The backend graphrag service can be queried via curl:
```bash
curl http://${host_ip}:8888/v1/graphrag \
-H "Content-Type: application/json" \
-d '{"messages": [{"role": "user","content": "what are the main themes of the programming dataset?"}]}'
```
## Architecture and Deploy details
The GraphRAG example is implemented using the component-level microservices defined in [GenAIComps](https://github.com/opea-project/GenAIComps). The flow chart below shows the information flow between different microservices for this example.
```mermaid
---
config:
flowchart:
nodeSpacing: 400
rankSpacing: 100
curve: linear
themeVariables:
fontSize: 50px
---
flowchart LR
%% Colors %%
classDef blue fill:#ADD8E6,stroke:#ADD8E6,stroke-width:2px,fill-opacity:0.5
classDef orange fill:#FBAA60,stroke:#ADD8E6,stroke-width:2px,fill-opacity:0.5
classDef orchid fill:#C26DBC,stroke:#ADD8E6,stroke-width:2px,fill-opacity:0.5
classDef invisible fill:transparent,stroke:transparent;
style GraphRAG-MegaService stroke:#000000
%% Subgraphs %%
subgraph GraphRAG-MegaService["GraphRAG MegaService "]
direction LR
RET([Retrieval MicroService]):::blue
LLM([LLM MicroService]):::blue
EM([Embedding MicroService]):::blue
end
subgraph UserInterface[" User Interface "]
direction LR
a([User Input Query]):::orchid
Ingest([Ingest data]):::orchid
UI([UI server
]):::orchid
end
GDB{{Graph DB
}}
DP([Data Preparation MicroService]):::blue
GW([GraphRAG GateWay
]):::orange
%% Data Preparation flow
%% Ingest data flow
direction LR
Ingest[Ingest data] --> UI
UI --> DP
%% interactions buried inside the DP and RET microservice implementations
DP <-.-> EM
DP <-.-> LLM
RET <-.-> EM
RET <-.-> LLM
%% Questions interaction
direction LR
a[User Input Query] --> UI
UI --> GW
GW <==> GraphRAG-MegaService
RET ==> LLM
direction TB
%% Graph DB interaction
RET <-.-> |d|GDB
DP <-.-> |d|GDB
linkStyle 2 stroke:#000000,stroke-width:2px;
linkStyle 3 stroke:#000000,stroke-width:2px;
linkStyle 4 stroke:#000000,stroke-width:2px;
linkStyle 5 stroke:#000000,stroke-width:2px;
```
Xeon default configuration:
| MicroService | Open Source Project | HW | Default Port | Endpoint |
| ------------ | ------------------- | --- | ------------ | -------- |
| Dataprep | Neo4j, LlamaIndex | OpenAI-like Endpoint | 6004 | /v1/dataprep/ingest |
| Embedding | Llama-index, TEI | Xeon or CPU | 6006 | /v1/embeddings |
| Retriever | Llama-index, Neo4j | OpenAI-like Endpoint | 7000 | /v1/retrieval |
| Final LLM | vLLM | Xeon or CPU | 9009 | /v1/chat/completions |
### Models Selection
[GraphRAG Model Notes](GraphRAG_LLM_notes.md)

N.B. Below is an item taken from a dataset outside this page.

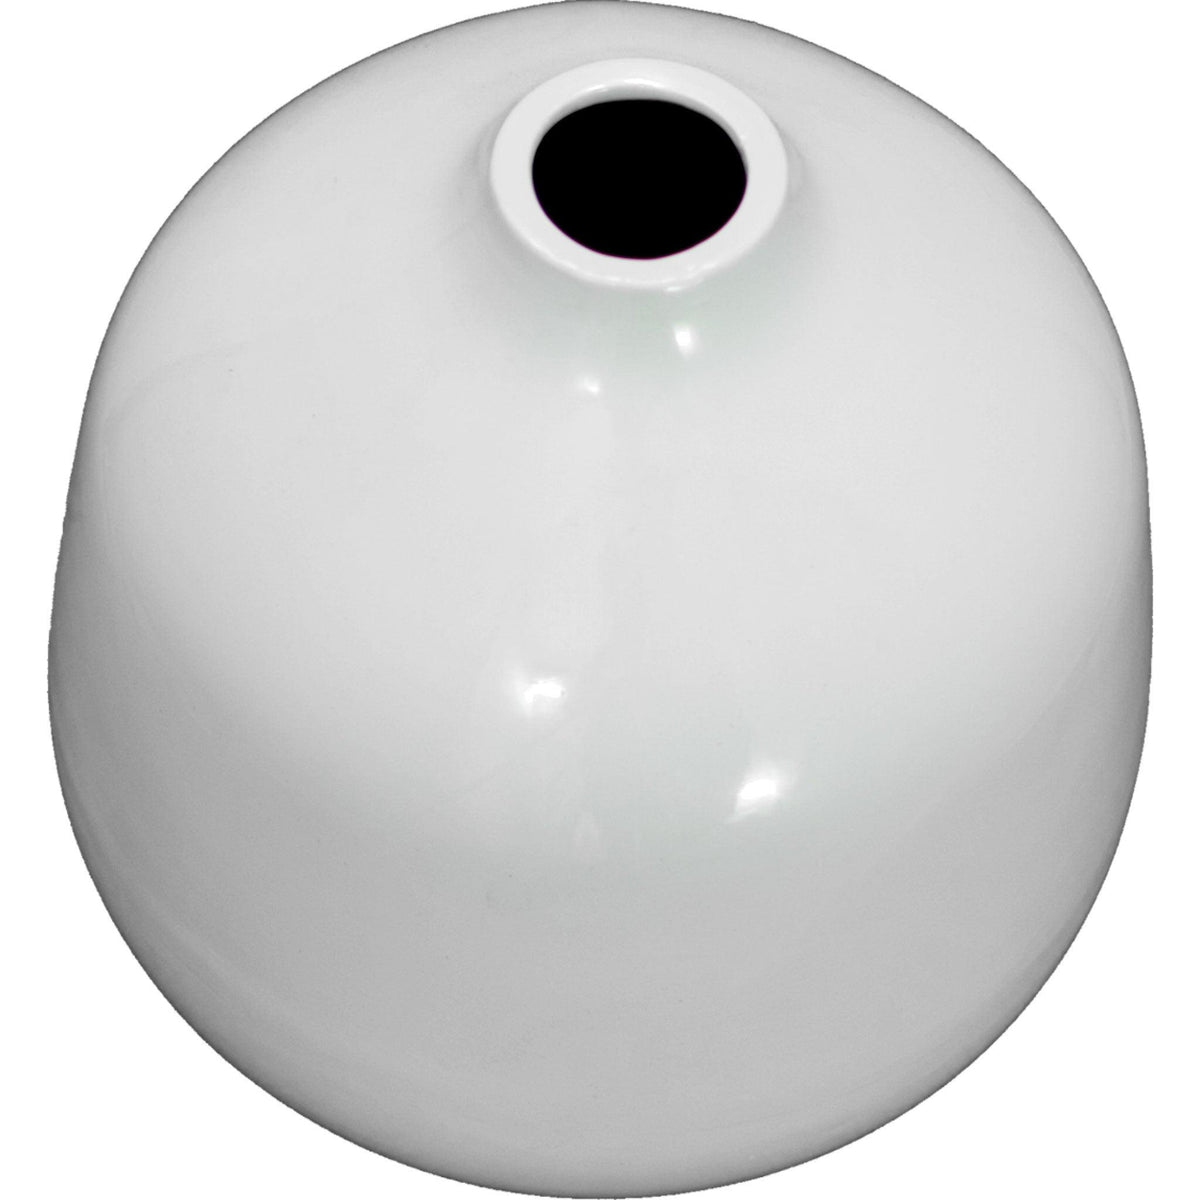 Lee Display's brand new 8in Bell Krater Ceramic Vase comes in a high gloss white finish on sale at leedisplay.com

## Consume GraphRAG Service with RAG
### 1. Check Service Status
Before consuming GraphRAG Service, make sure each microservice is ready by checking the docker logs of each microservice.
```bash
docker logs container_name
```
### 2. Access via frontend
To access the frontend, open the following URL in your browser: `http://{host_ip}:NGINX_PORT`
In the above example, the UI runs on port 8080 internally.
## Monitoring OPEA Service with Prometheus and Grafana dashboard
OPEA microservice deployment can easily be monitored through Grafana dashboards in conjunction with Prometheus data collection. Follow the [README](/GenAIEval/evals/benchmark/grafana/README.md) to setup Prometheus and Grafana servers and import dashboards to monitor the OPEA service.